*WORK ITEM:* What you return must match the listing exactly, with every image removed.

*DATASET CONTENT:*

◇ ◇ ◇ ◇

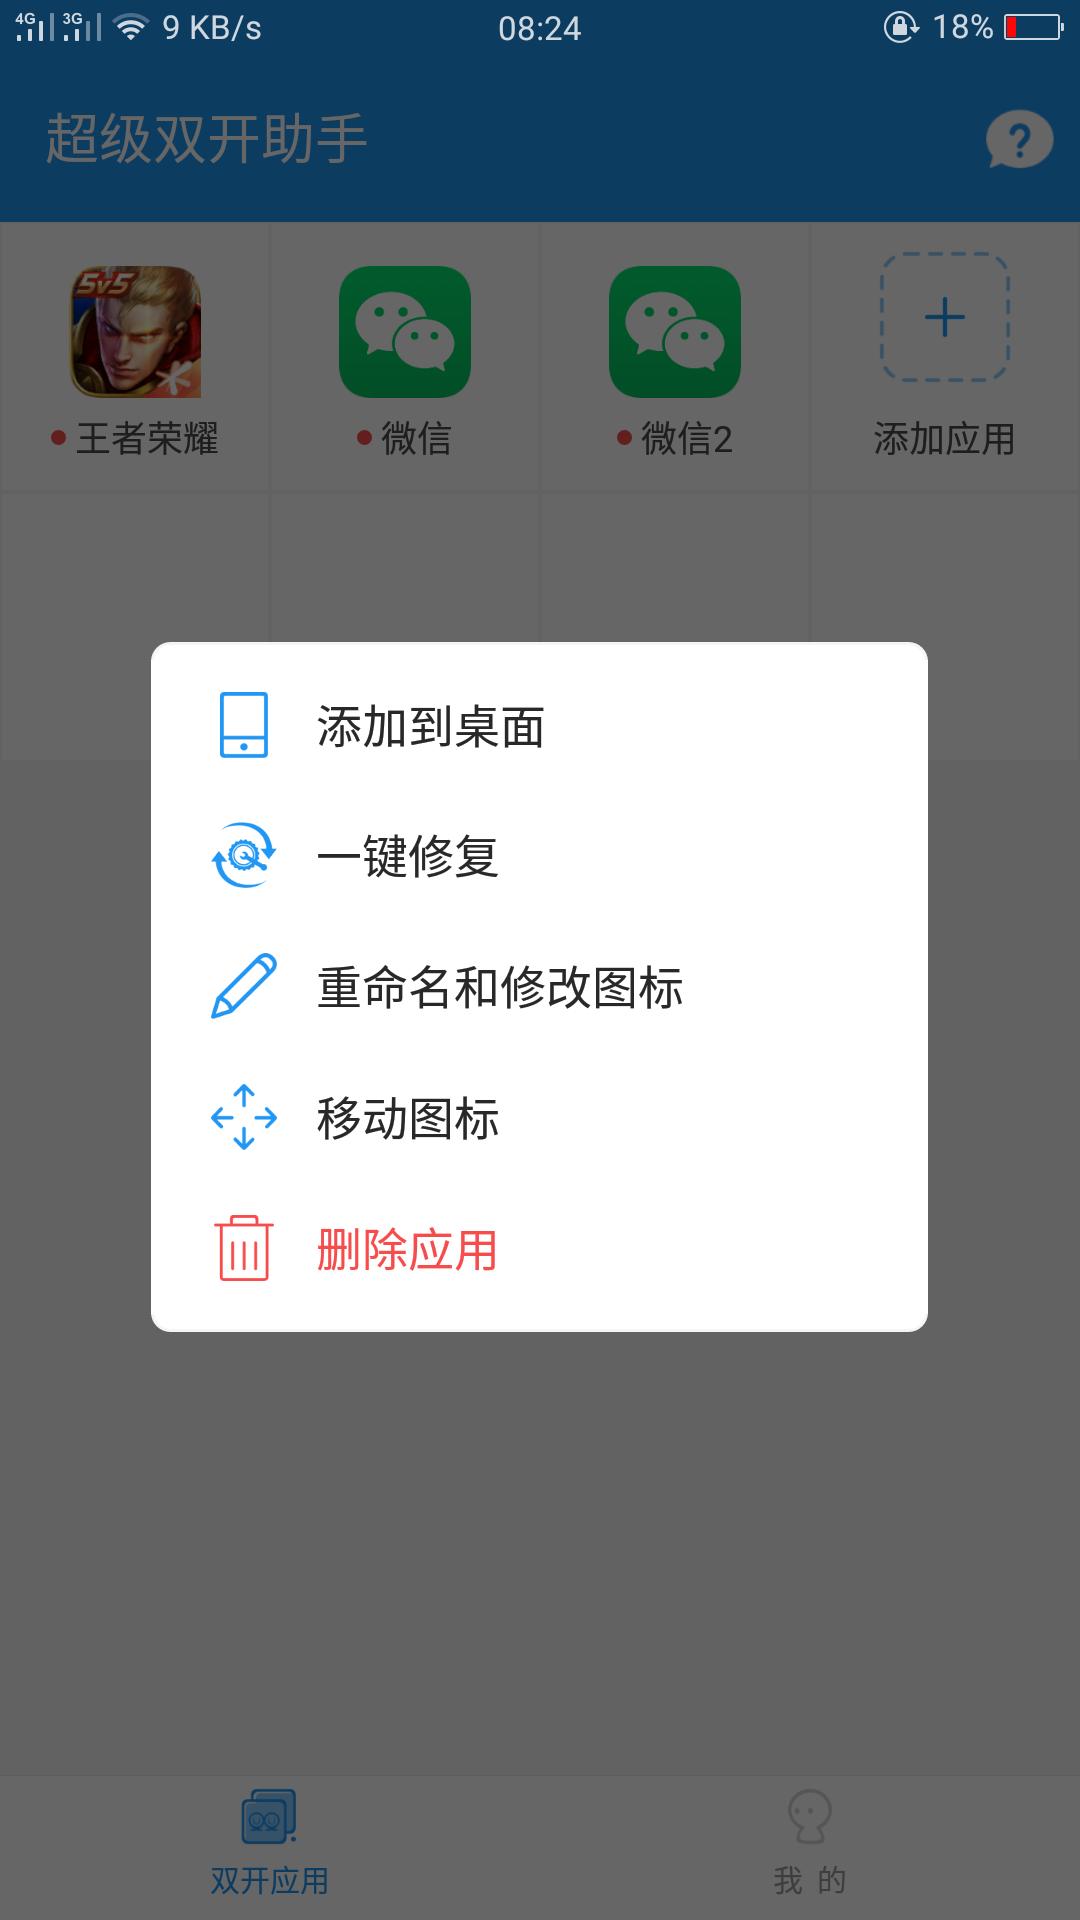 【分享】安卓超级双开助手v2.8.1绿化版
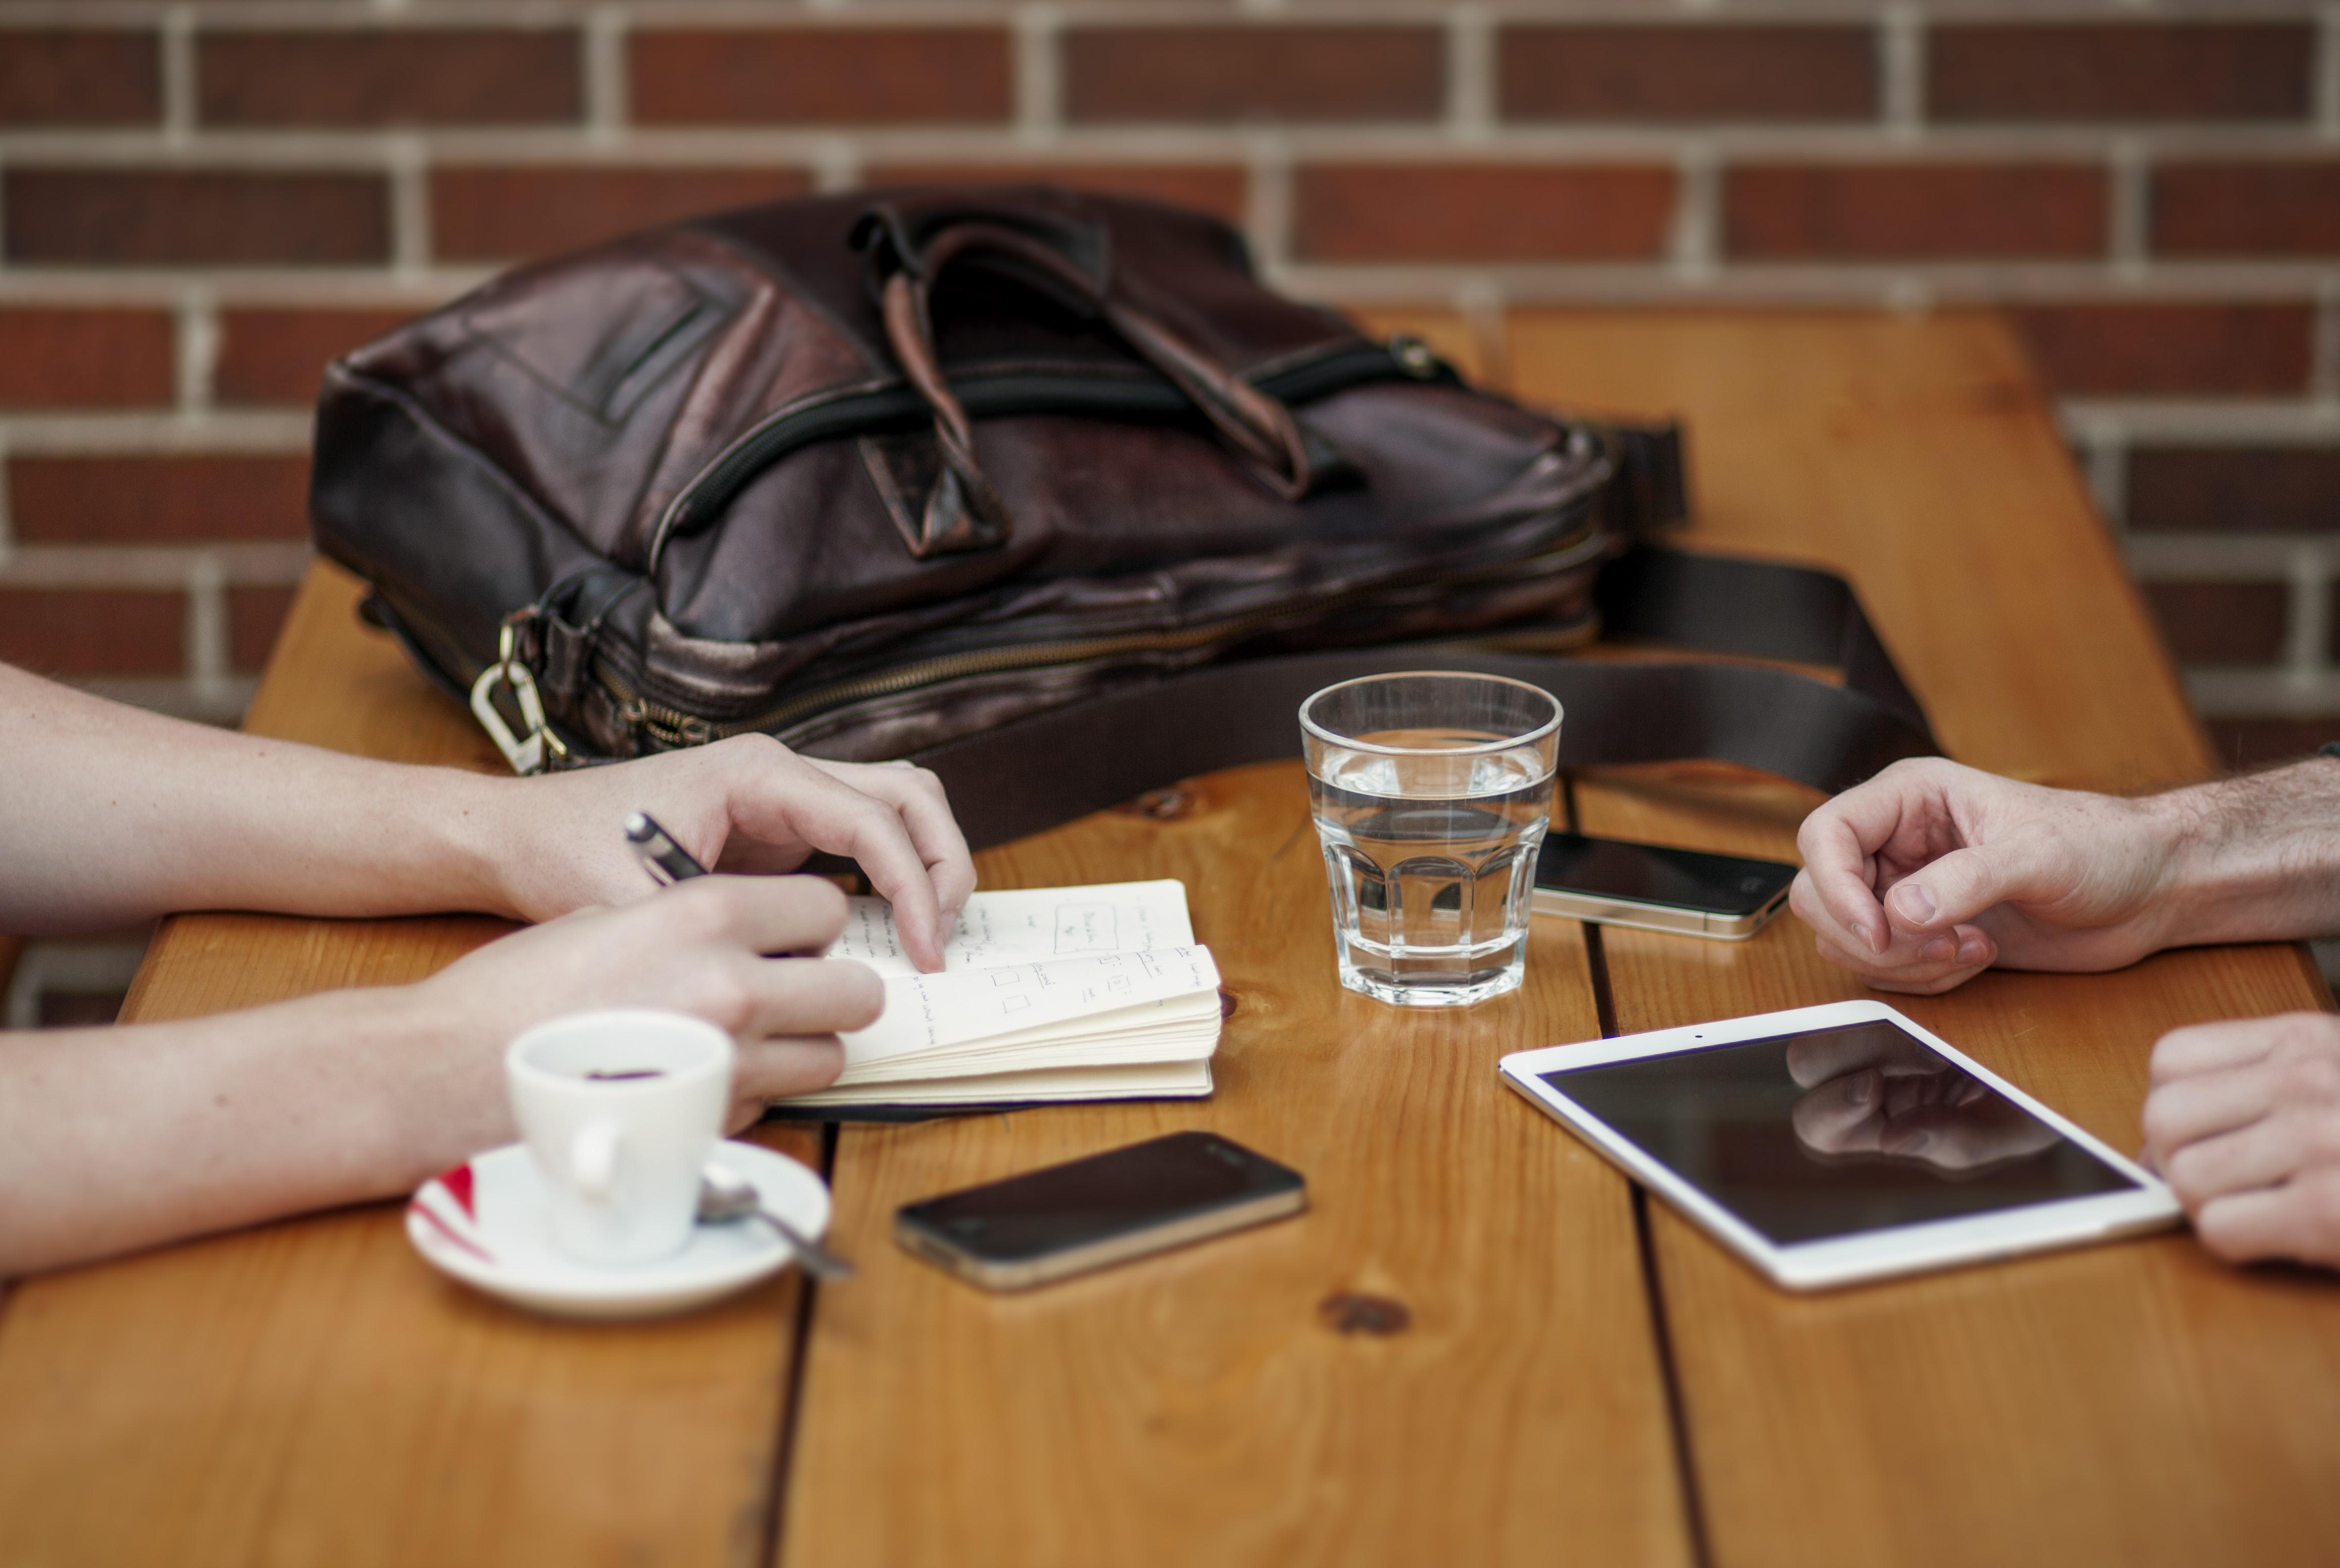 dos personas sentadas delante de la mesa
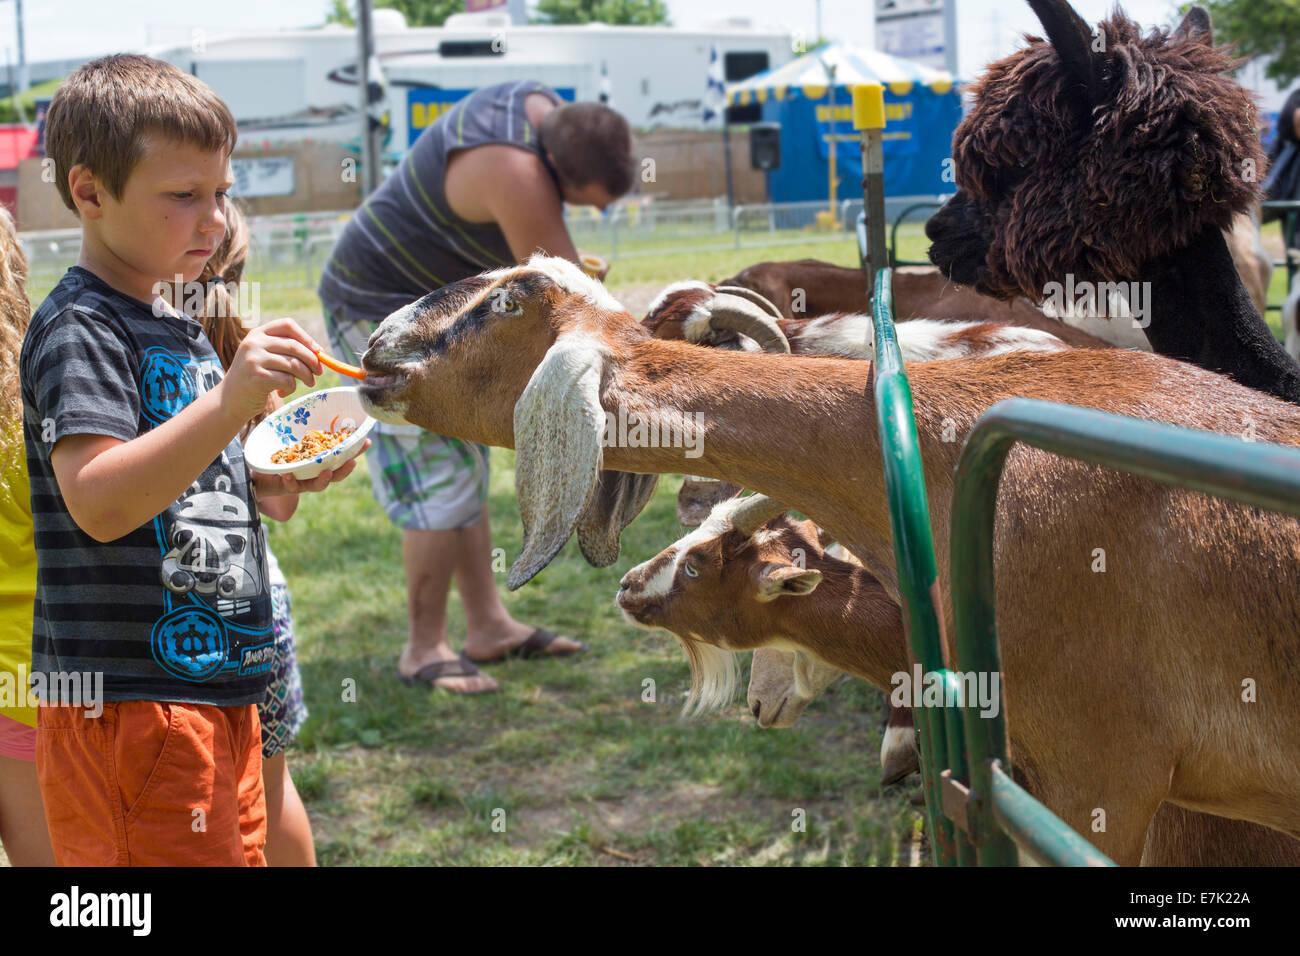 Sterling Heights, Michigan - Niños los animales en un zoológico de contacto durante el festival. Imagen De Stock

◇ ◇ ◇ ◇

*ANSWER TO THIS PROBLEM:*
 【分享】安卓超级双开助手v2.8.1绿化版
 dos personas sentadas delante de la mesa
 Sterling Heights, Michigan - Niños los animales en un zoológico de contacto durante el festival. Imagen De Stock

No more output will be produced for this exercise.